Without precipitation, pyroCbs create their own weather in three main ways: lightning, erratic winds, and fire vortexes. 

As the moisture in the pyroCbs rises high into the atmosphere, it freezes, causing particle collisions that lead to a charge buildup. To neutralize this buildup, lightning occurs. Lightning without rain is known as dry lightning, which can be devastating for the land below as sparks can initiate new fires. 

PyroCbs can create their own erratic wind patterns as a result of the downdraft from the thunderstorm when it dies down. The winds from these clouds can carry sparks and embers far from the initial fire, causing new spot fires. 

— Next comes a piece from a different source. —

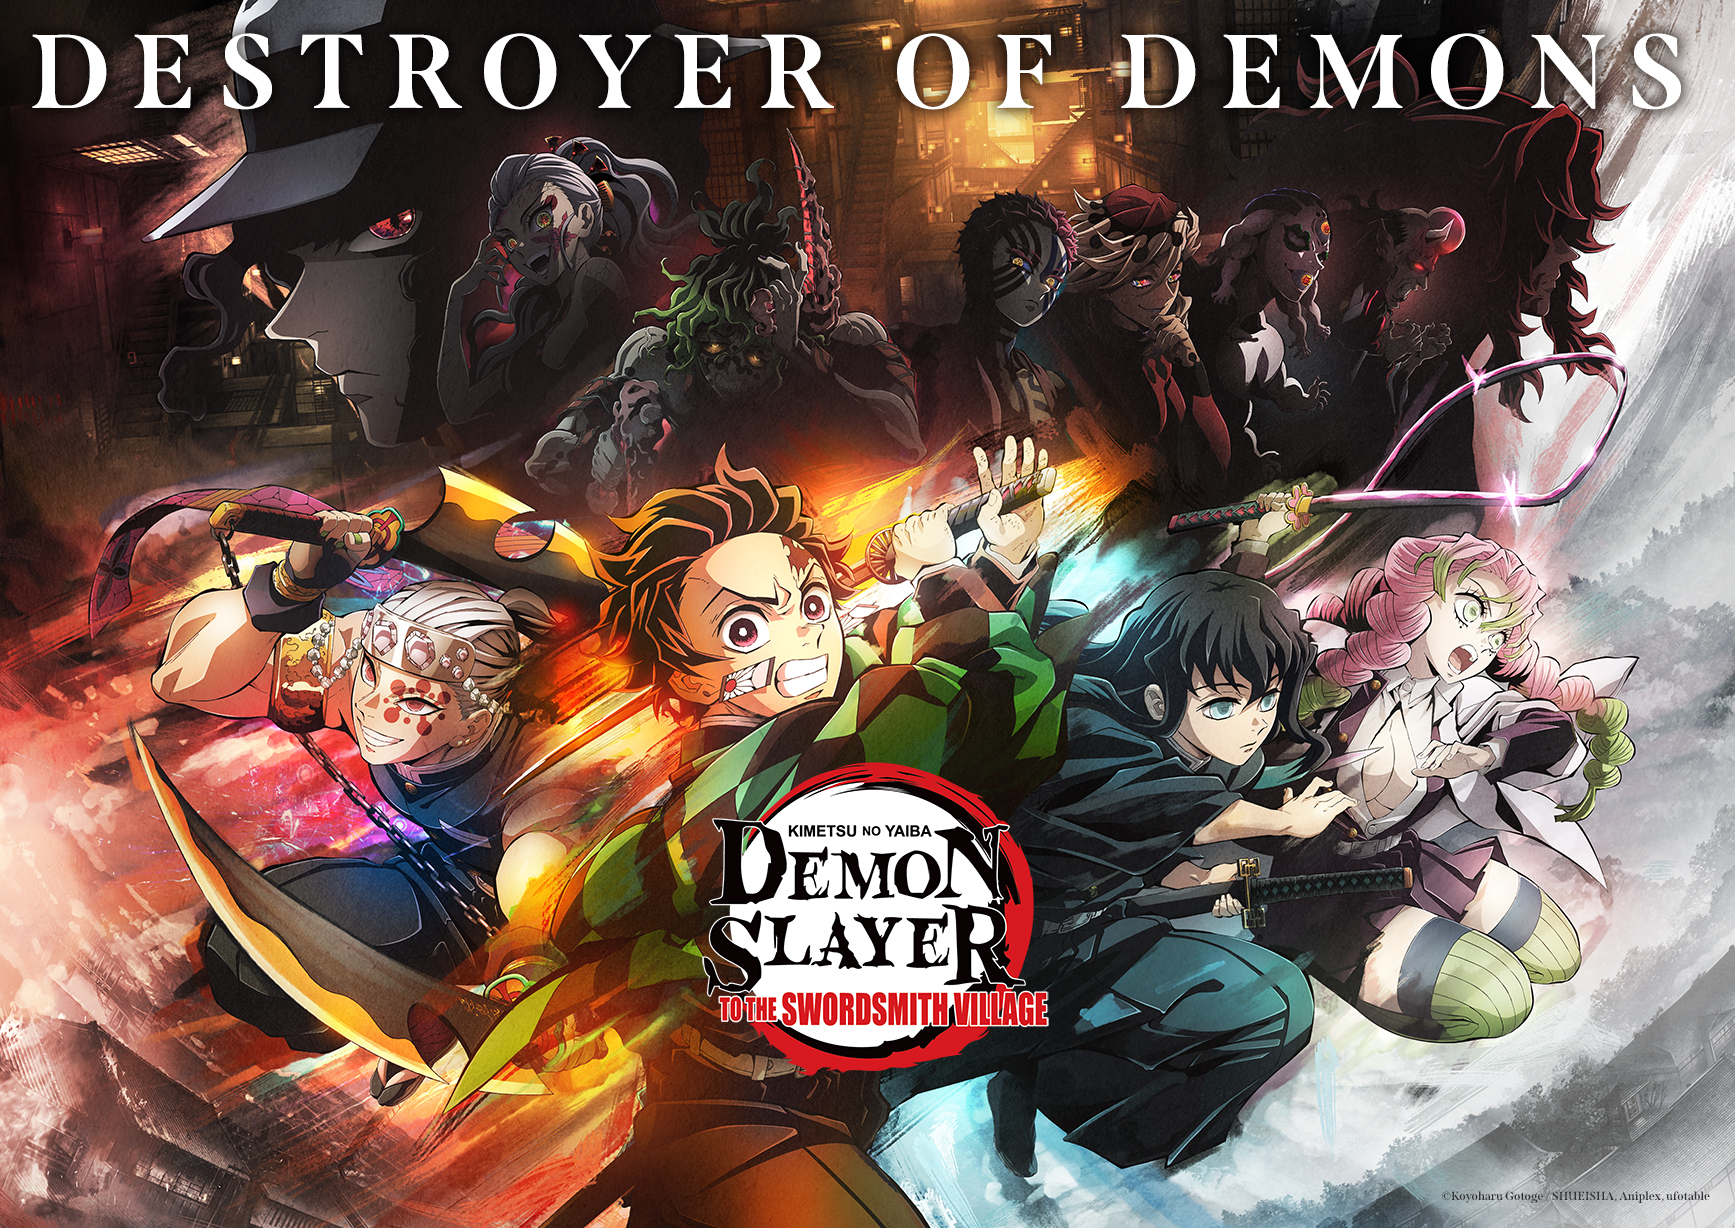 Demon Slayer' Season 4 Coming to Netflix in September 2023
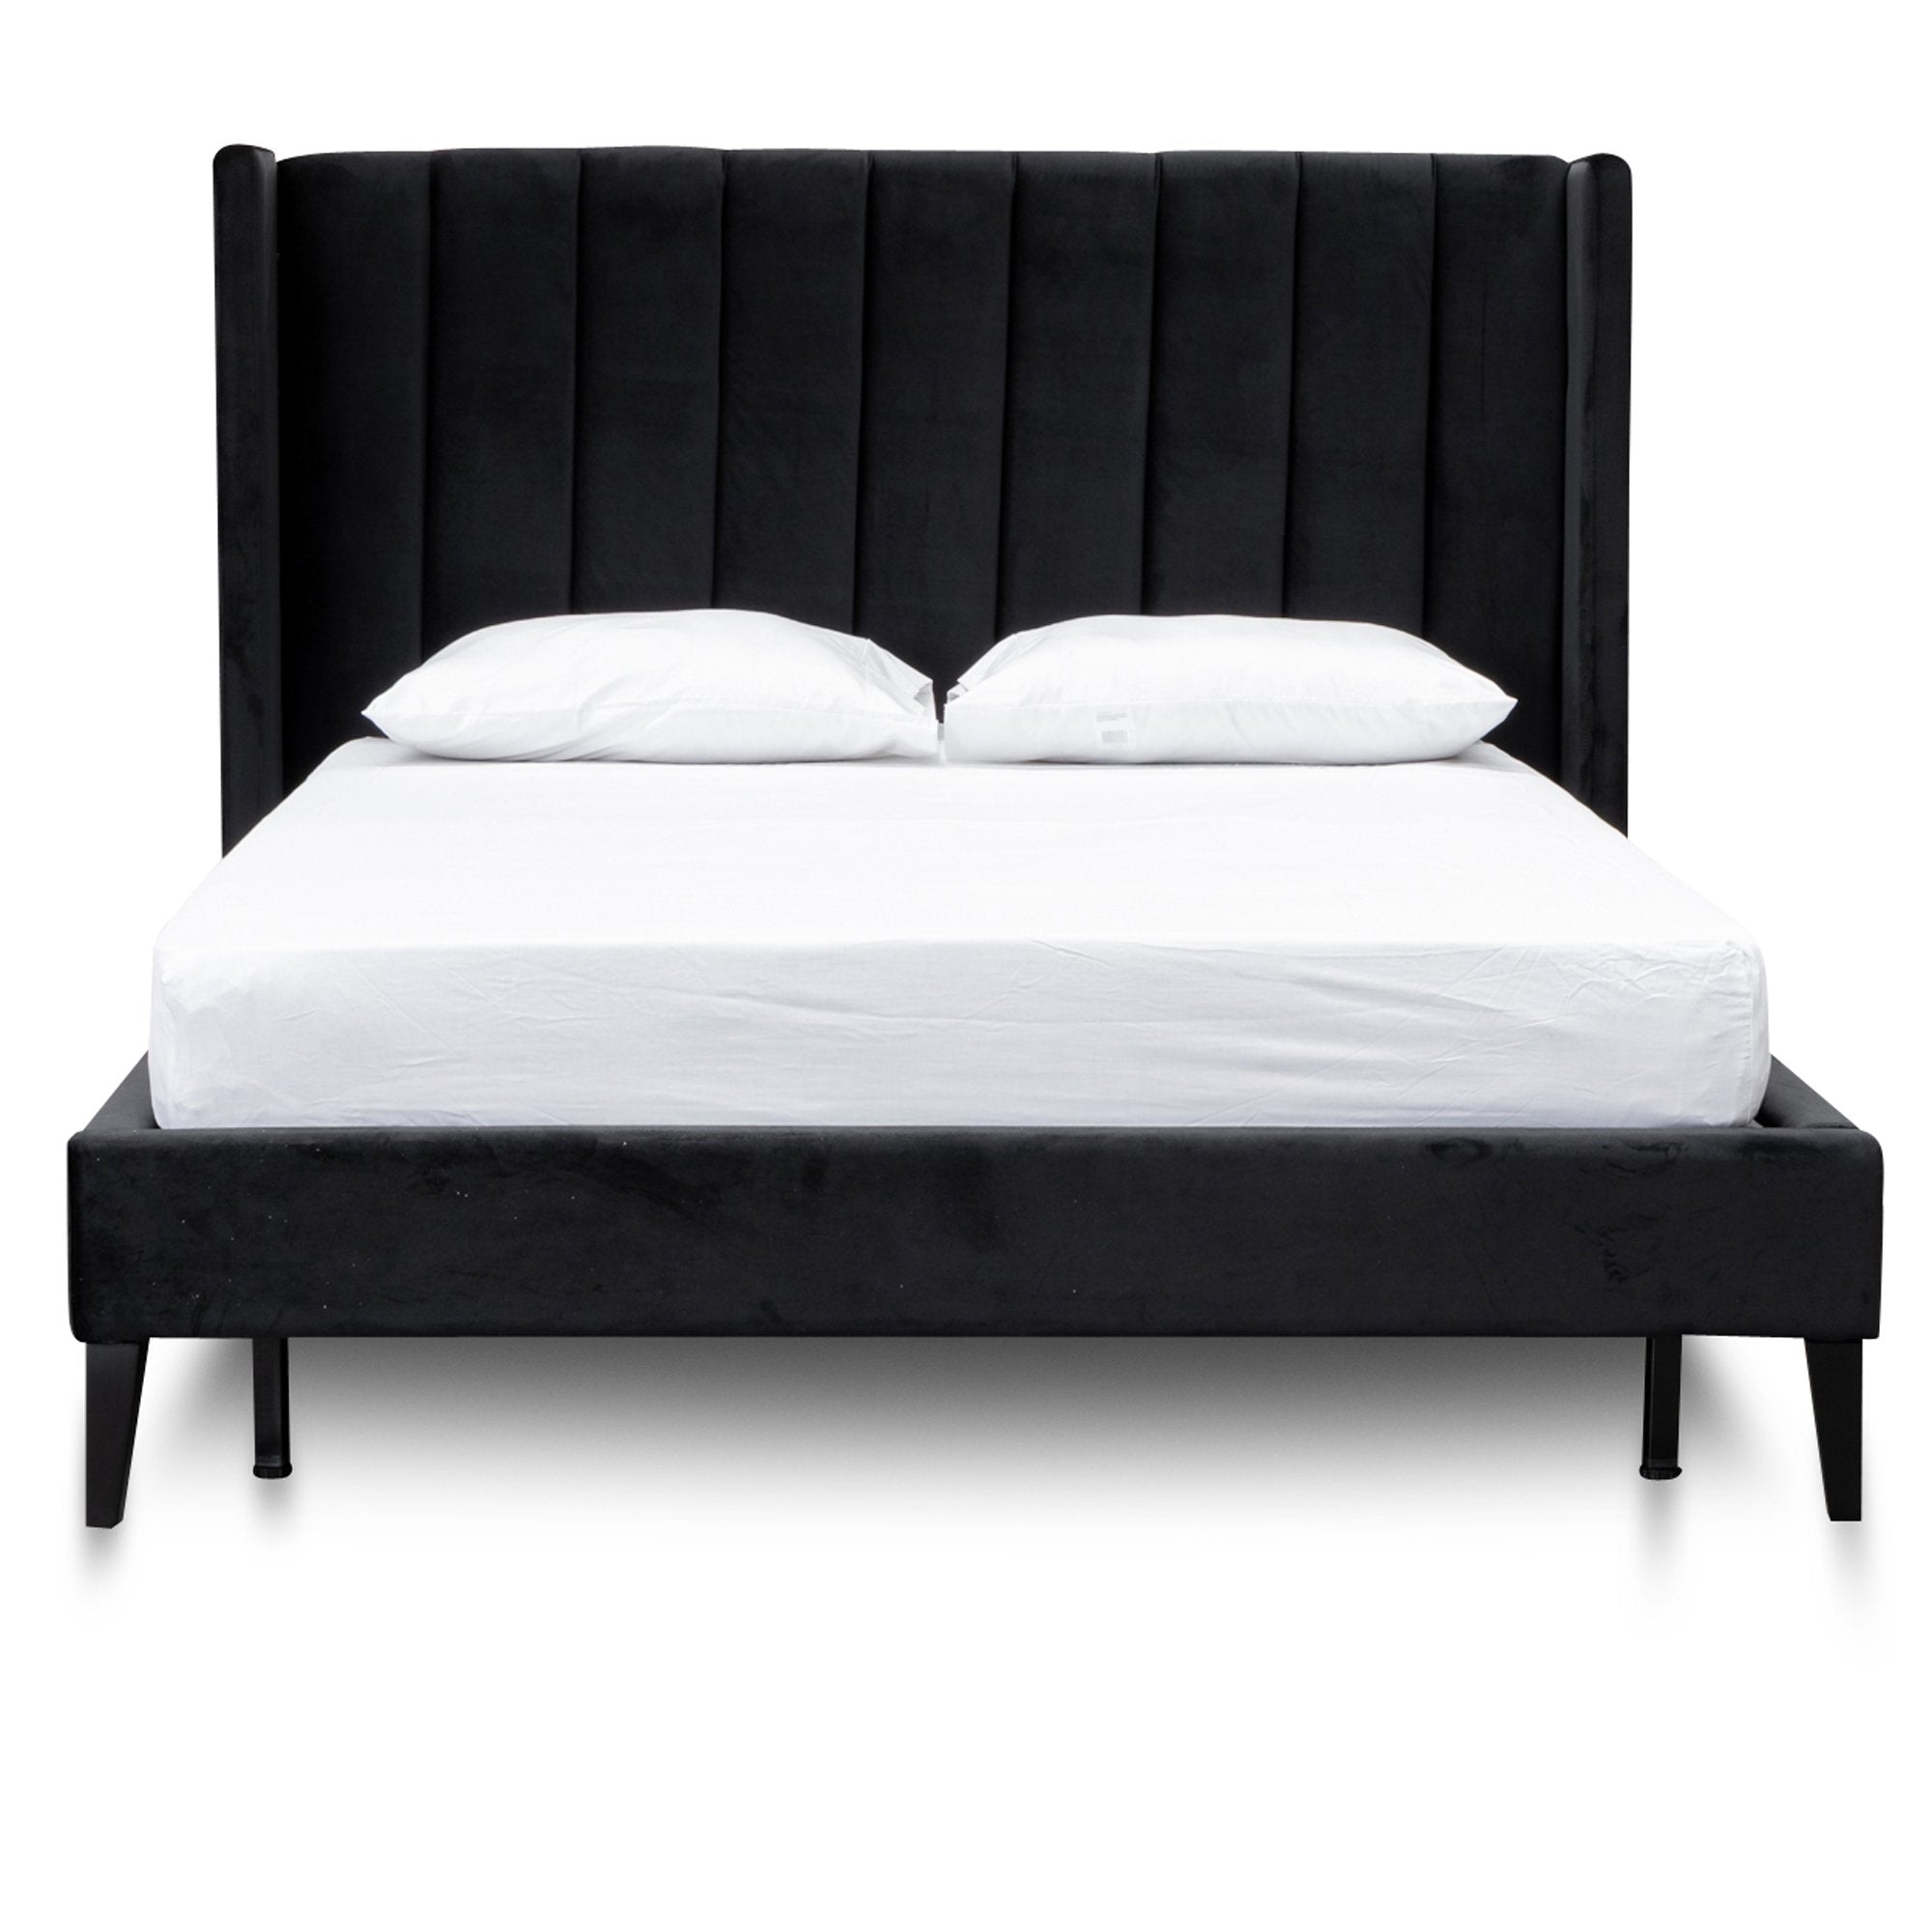 Hillsdale Velvet Queen Bed Frame - Black | Interior Secrets

PyroCbs can also stretch the air within its column, creating a vortex with tornado-strength winds, as the air in the cloud comes in contact with different wind speeds and directions.   

Looking forward

PyroCbs caused by wildfires cause unique weather patterns, spreading fires and making them harder to extinguish. This phenomenon has been exacerbated by climate change, as the intensity and prevalence of wildfires increase. In 2021, a fire in British Columbia spawned 700,000 lightning strikes, which is more than the average for an entire year. A different fire in B.C. in 2017 resulted in five pyroCbs in a singular day, pumping over 220,000 tons of smoke down to the lower stratosphere over only five hours.

There is rising alarm about the scale of pyroCbs, considering that they can breach into the stratosphere. The pollution generated from pyroCbs becomes a global phenomenon when they reach this level. As wildfires continue to escalate in frequency and scope, leading to larger and longer-lasting pyroCbs, the need for more research into these fire-born clouds grows.